Running infuse my-script.js script.js -d ./my-defines.js -N (assuming ENVIRONMENT is set to "dev") the following would be produced:

// contents of script.js

var appConfig = {
    foo: "foo",
    baz: [ 1, 2, 3 ],
    doSomething: function() {
        return "something";
    },
    isDebug: true
};

if ("dev" === "dev") {
    console.log("A note to the developer...");
}

function MyClass() {}

MyClass.prototype = {
    appName: "My Great WebApp",
    authorName: "Me",
    specialMethod: function() {
        return "is debug";
    }
};

And the minified result (infuse my-script.js script.js -d ./my-defines.js) would be:

// contents of script.js
function b(){}var a={foo:"foo",baz:[1,2,3],doSomething:function(){return"something"},isDebug:true};console.log("A note to the developer..."),b.prototype={appName:"My Great WebApp",authorName:"Me",specialMethod:function(){return"is debug"}}

Note how the if block was removed around the console.log statement, since this is "dev" mode. If ENVIRONMENT was set to some other value, console.log would be removed too.

There are more examples in the "examples" directory. Install the development dependencies, and then run:

sake examples ENVIRONMENT=[dev|prod] BUILD_TYPE=[debug|release]

Embedding

The infuse -E, --embed option will infuse required modules as strings and lazy-evaluate them when used in the final script. In the case of a browser, this means appending a script element to the head of the document temporarily. In other cases, infuse goes to the dark side and uses eval.

The advantage of embedding is that the required JavaScript modules are not evaluated until the strings are put into a script node, or eval'd, when needed. This facilitates faster loading of the infused JavaScript file, since it is, mostly, one large string.

A Poor Man's Minifier

You can get started quickly with infuse by using the -i, --infuse PATH option:

infuse -i path/one.js -i path/two.js -i path/three.js > compiled.js

This basically infuses up the individual files and automatically de-fuses them when the compiled script runs.

Caveats

Run-time variables

Currently, infuse does not compute local variables, and can not determine require statements with variables defined at run-time.

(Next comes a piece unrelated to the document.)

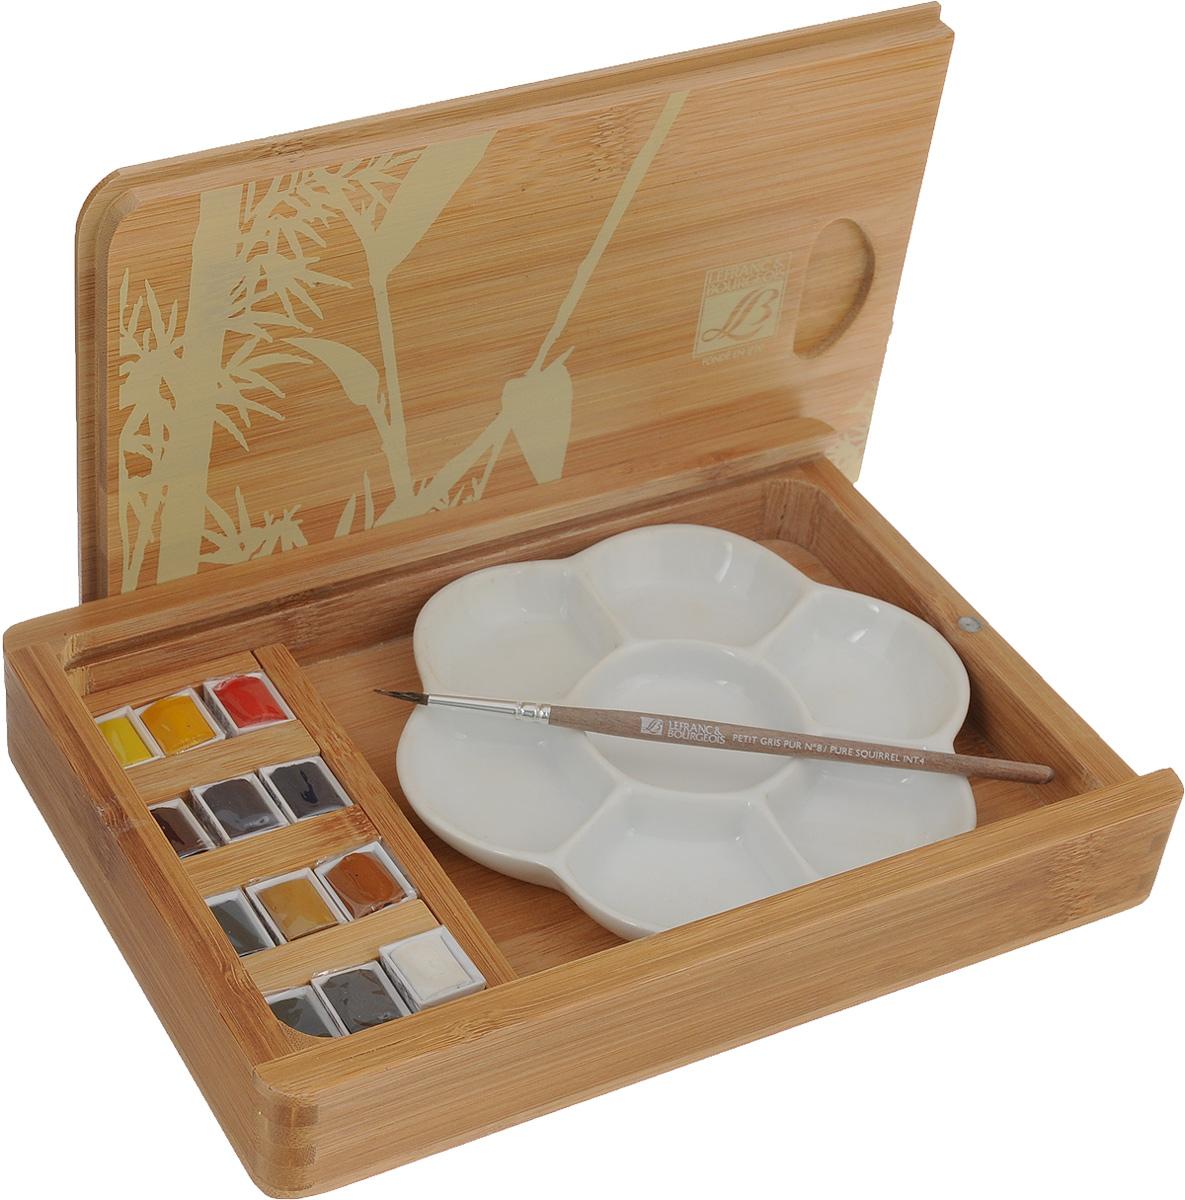 Набор акварельных красок Lefranc & Bourgeois Fine, в бамбуковом кейсе, 15 предметовLF601662Набор акварельных красок Lefranc & Bourgeois Fine состоит из 12 кюветов разных цветов в бамбуковом кейсе, кисточки и керамической палитры. Данная форма акварели эффективна в работе над небольшими картинами, а также на пленэре при выполнении набросков.

For example, this will not work, and infuse will throw an error:

// script.js

var pkgModule = require("./" + process.env.ENVIRONMENT + "-pkg.js");

This will however:

// script.js infused with `--define PKG=prod-pkg.js`

var pkgModule = require(PKG);

Global scope leakage

Since infuse does not do any computing of local variables, it can not determine if variables leak outside of a required module's scope. In node this is not so much a problem, since each module is run in it's own context and only the items explicitly exported through module.exports are exposed. Infuse uses an anonymous function to simulate what node does, however if the infused module doesn't locally scope a variable with the var keyword, that variable will be set on the global object (usually the window).

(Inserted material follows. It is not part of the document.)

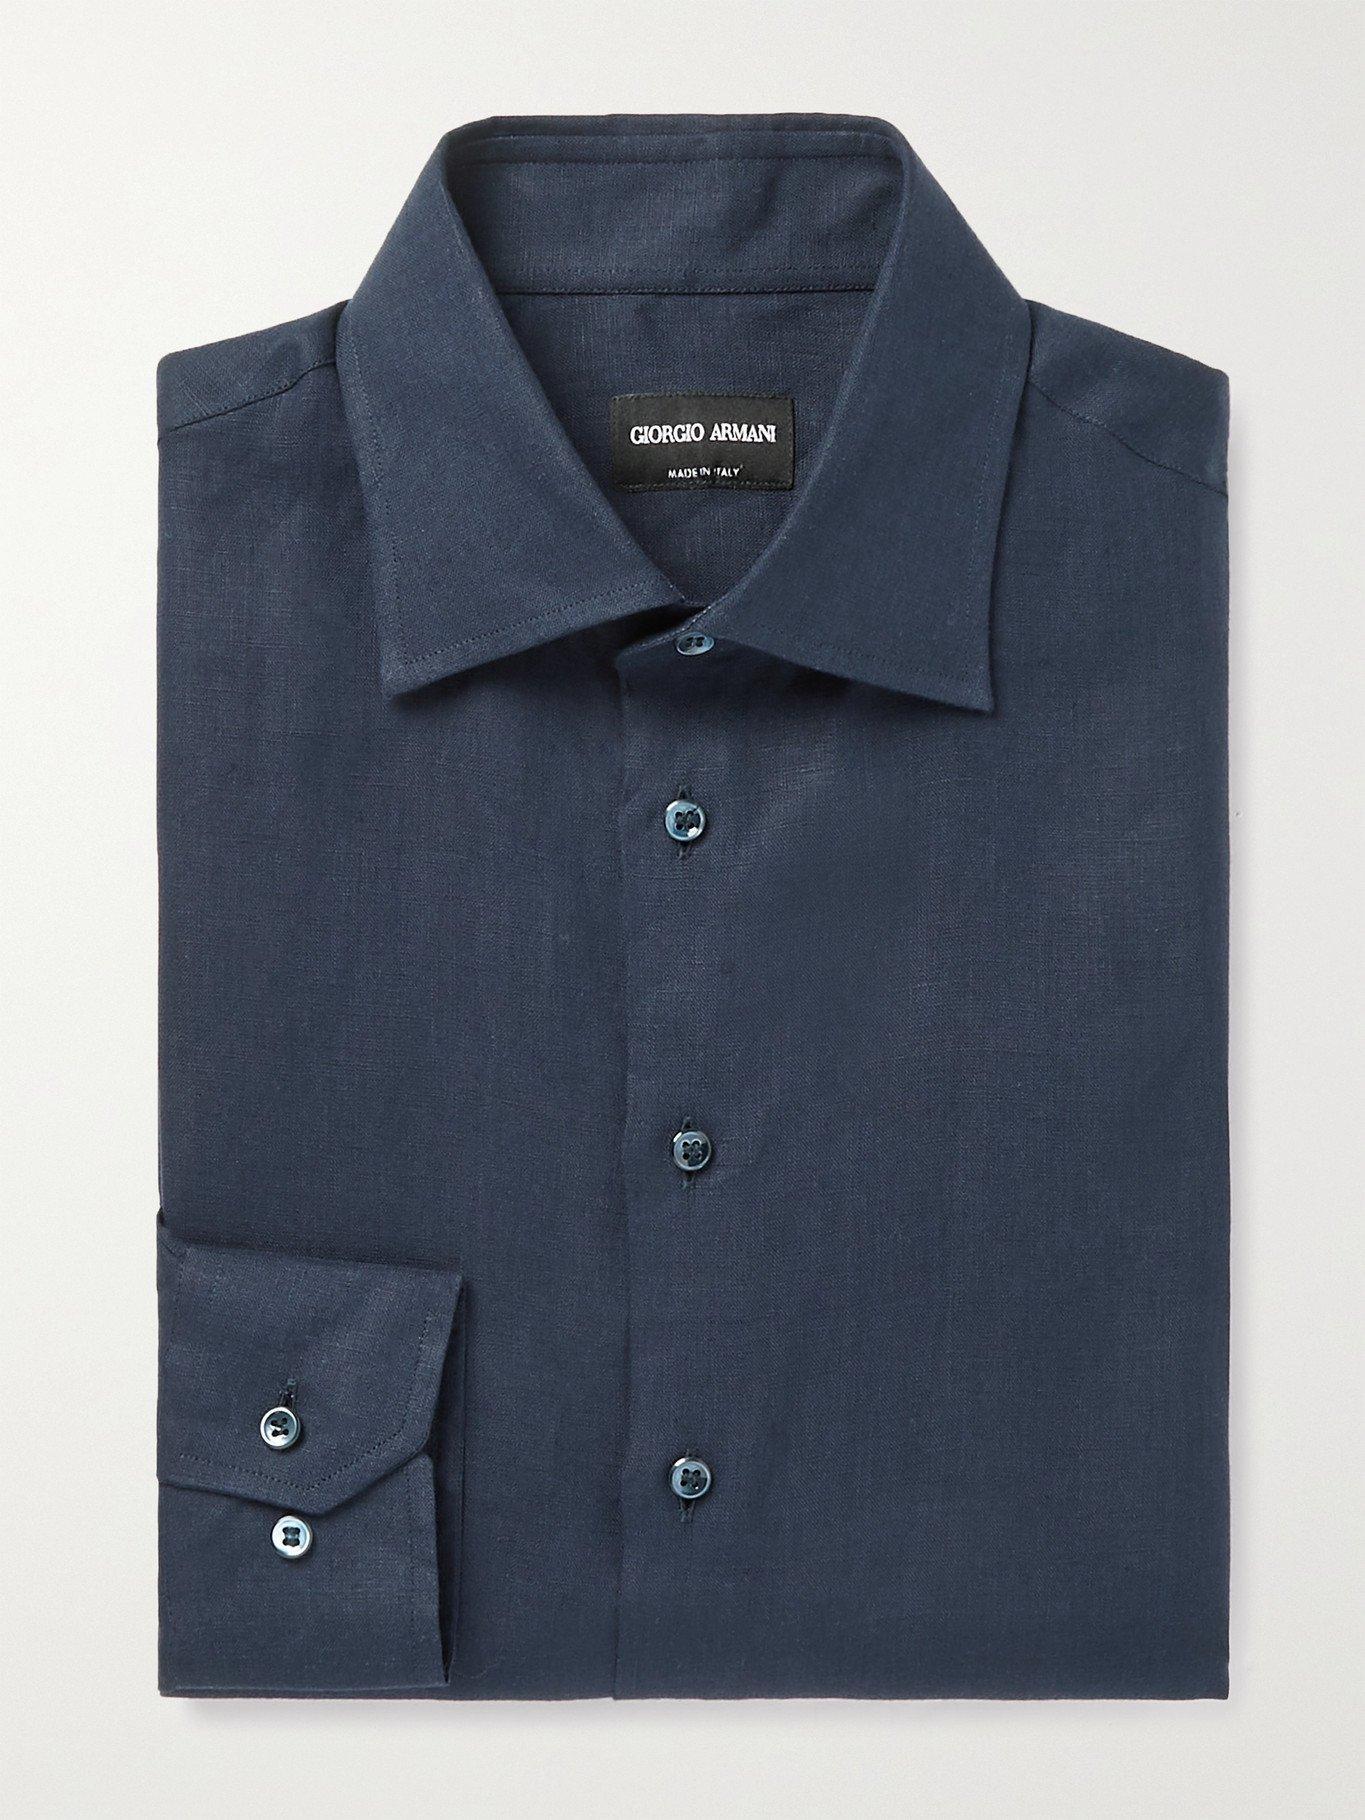 GIORGIO ARMANI - Linen Shirt - Unknown

In the future, plans are to resolve the caveats with more introspection of the AST parsed by UglifyJS. Stay tuned.

Report an Issue

License

Copyright (c) 2012 Jerry Hamlet jerry@hamletink.com

Permission is hereby granted, free of charge, to any person obtaining a copy of this software and associated documentation files (the "Software"), to deal in the Software without restriction, including without limitation the rights to use, copy, modify, merge, publish, distribute, sublicense, and/or sell copies of the Software, and to permit persons to whom the Software is furnished to do so, subject to the following conditions:

The above copyright notice and this permission notice shall be included in all copies or substantial portions of the Software.

The Software shall be used for Good, not Evil.

THE SOFTWARE IS PROVIDED "AS IS", WITHOUT WARRANTY OF ANY KIND, EXPRESS OR IMPLIED, INCLUDING BUT NOT LIMITED TO THE WARRANTIES OF MERCHANTABILITY, FITNESS FOR A PARTICULAR PURPOSE AND NONINFRINGEMENT. IN NO EVENT SHALL THE AUTHORS OR COPYRIGHT HOLDERS BE LIABLE FOR ANY CLAIM, DAMAGES OR OTHER LIABILITY, WHETHER IN AN ACTION OF CONTRACT, TORT OR OTHERWISE, ARISING FROM, OUT OF OR IN CONNECTION WITH THE SOFTWARE OR THE USE OR OTHER DEALINGS IN THE SOFTWARE.